С того времени, как он впервые попал в Херсонес, он очень изменился. Он никогда раньше не думал о переживаниях других людей. Теперь он часто сочувствовал им, потому что их страдания напоминали ему его собственные. В то же время он научился сдерживать порывы, скрывать свои мысли и узнал, что сила очень часто бывает бесполезной; хитростью можно достигнуть большего, что не следует сопротивляться и бороться против неизбежности. И он скрывал свою ненависть под внешней покорностью и равнодушием; исполнял возложенную на него работу и молчал.

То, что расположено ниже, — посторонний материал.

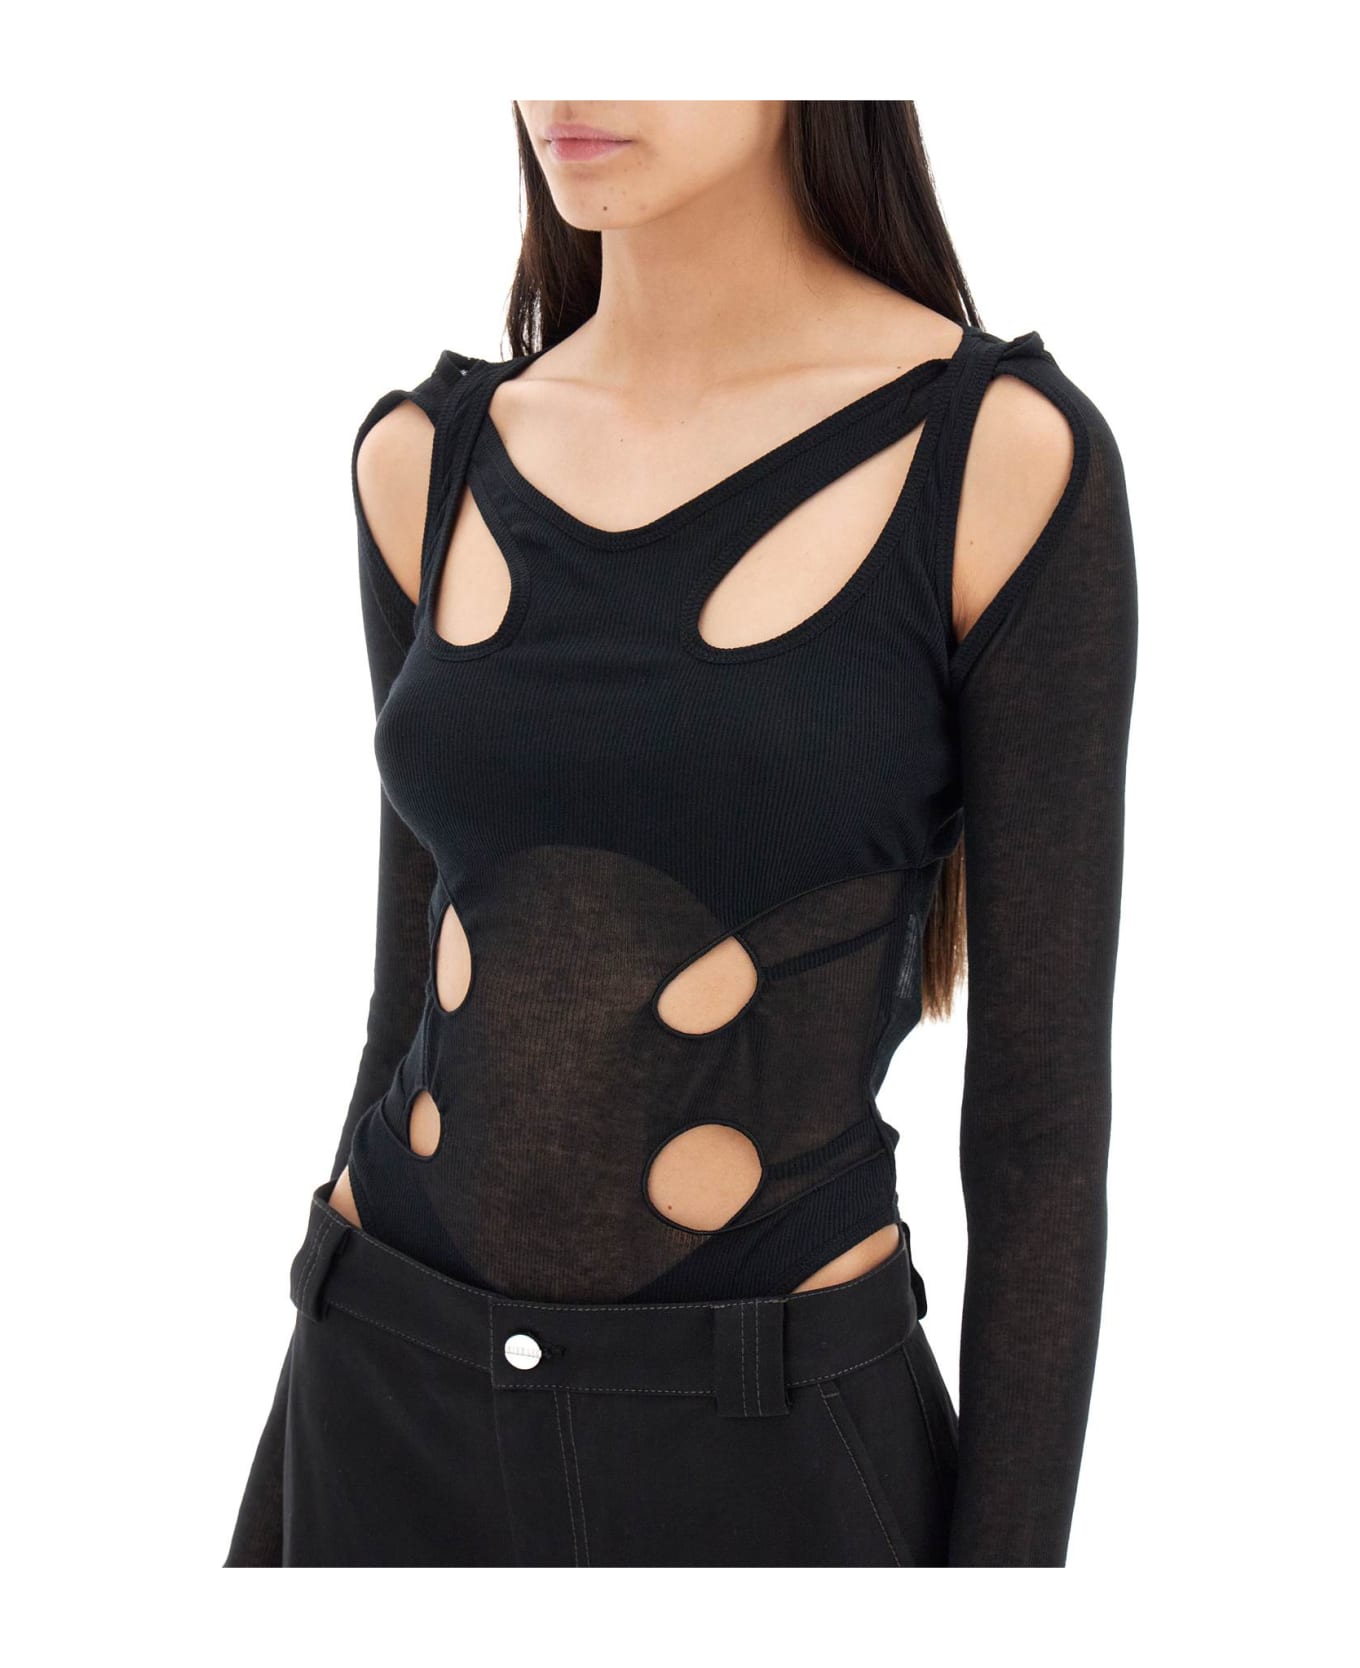 Dion Lee Long-sleeved Bodysuit With Cut-outs - BLACK (Black) ボディスーツ

Внутренне он весь был захвачен мыслями о своем деле и не отрывался от них ни во время работы, ни во время отдыха. Часто они мешали ему уснуть; лежа, он обдумывал мелочи последних сообщений, подробности плана восстания, разговоры и отданные распоряжения.
Оставаясь наедине с кем-нибудь из товарищей, он говорил о свободе и о том, как ее легко получить. Он часто рассказывал о Дримаке и заставлял рабов острее чувствовать тяжесть их существования. Но в то же время был осторожен и говорил определенно только с теми, кому доверял вполне. Он никогда не упускал случая познакомиться с кем-нибудь из соседних рабов, заражал их своим мрачным сдержанным энтузиазмом, передавал им свою веру и выискивал среди них похожих на себя. Он чувствовал, как многие из них вполне подчинялись и ждали от него чуда и избавления. Другие оказывались равными ему и делались его товарищами. В условленные часы люди приходили, прятались где-нибудь между камнями обрывистого берега или у изгороди, заросшей тяжелой зеленью плюща, и ждали его, чтобы поделиться новостями...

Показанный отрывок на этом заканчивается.